In testing the latest high-res-timer code on a 2-way SMP machine I have
found that it is easy to trigger an NMI oops. This happens when the
interval is coded to be very short. Currently I have the resolution set
to 1 micro second. The test code is trying to set up a timer with 1
micro second interval, something we just don't have the horse power to
do.
This puts the cpu into a loop processing the timer pops and starves the
other cpu causing an NMI. (As I understand it, each cpu need to handle
at least one interrupt ever 500 ticks to avoid the NMI. Usually
(always?) this interrupt is provided by the timer, however, the timer,
for some reason, always interrupts on the using (abusing) cpu. (Any one
who has a better understanding of the NMI watch dog operation, please
help me here.)
Solutions:
It seems prudent to limit the interval so as to keep it large enough to
avoid this issue.
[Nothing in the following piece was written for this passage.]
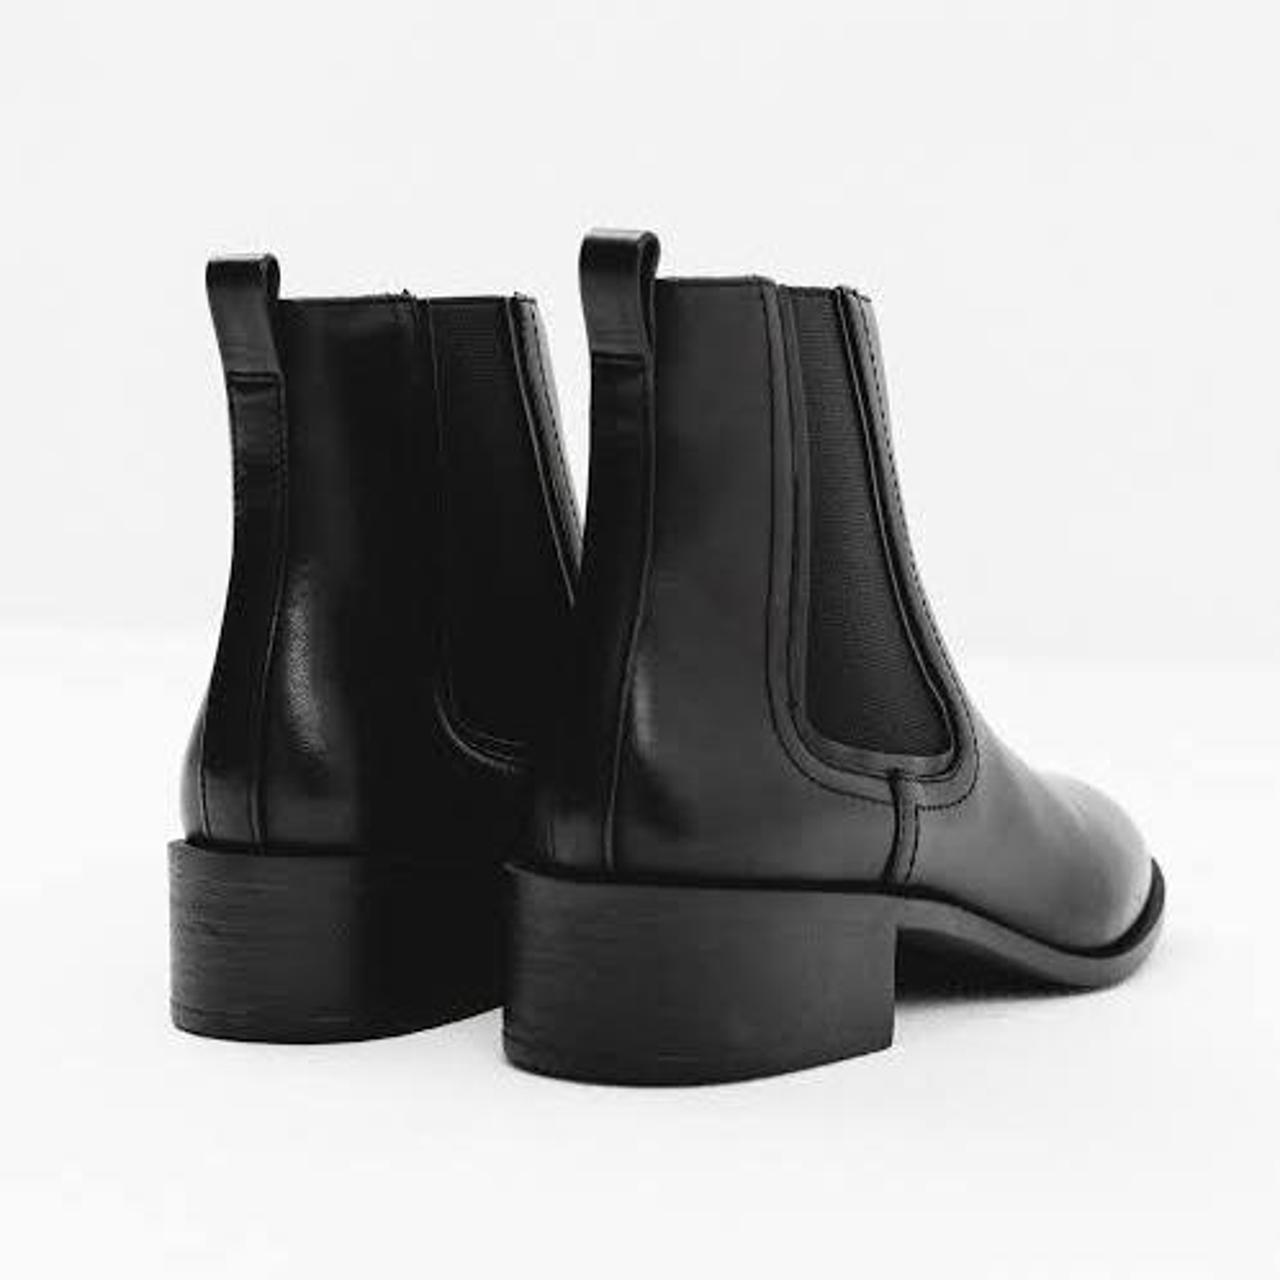 Black leather boots - size 39 (AUS8) Shubar - worn... - Depop
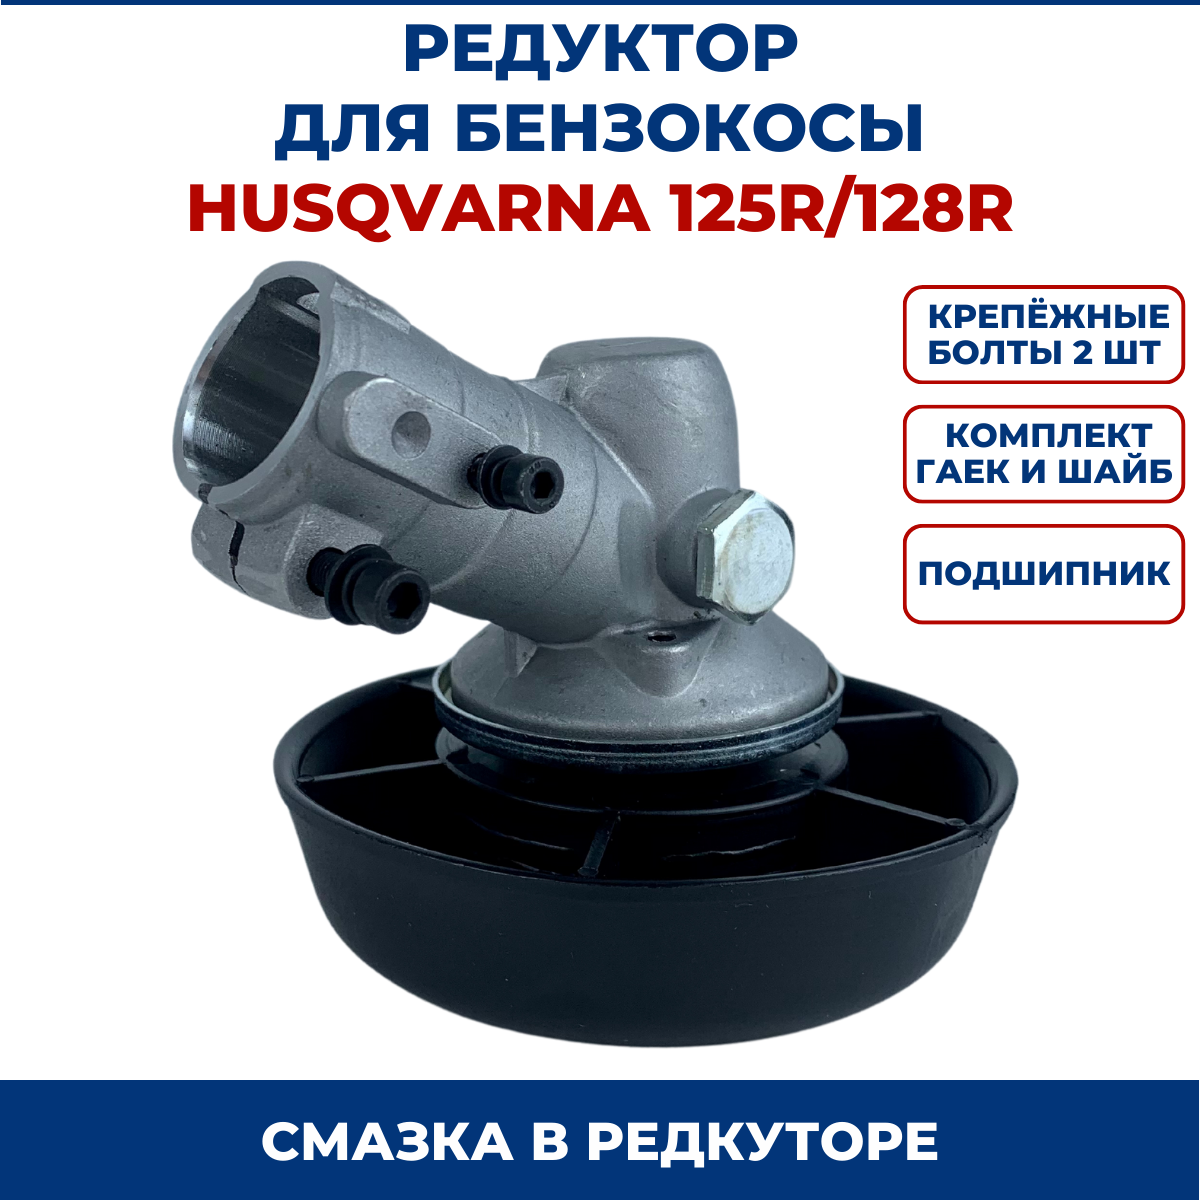 Редуктор для бензокосы Husqvarna 125R/128R

The problem is that, no matter what the limit is, it
can be subverted by starting another timer. I have considered keeping
track of all active timers with intervals under a jiffie and sliding the
limit based on that, but it seem to me that this is decidedly
unpredictable.
The code I currently have measures the supportable interval at boot time
and then, when ever a timer is about to be requested whose time will
fall in that interval, pushing the timer out (by adding intervals).
Alarms skipped by this are accounted for in the overrun counter.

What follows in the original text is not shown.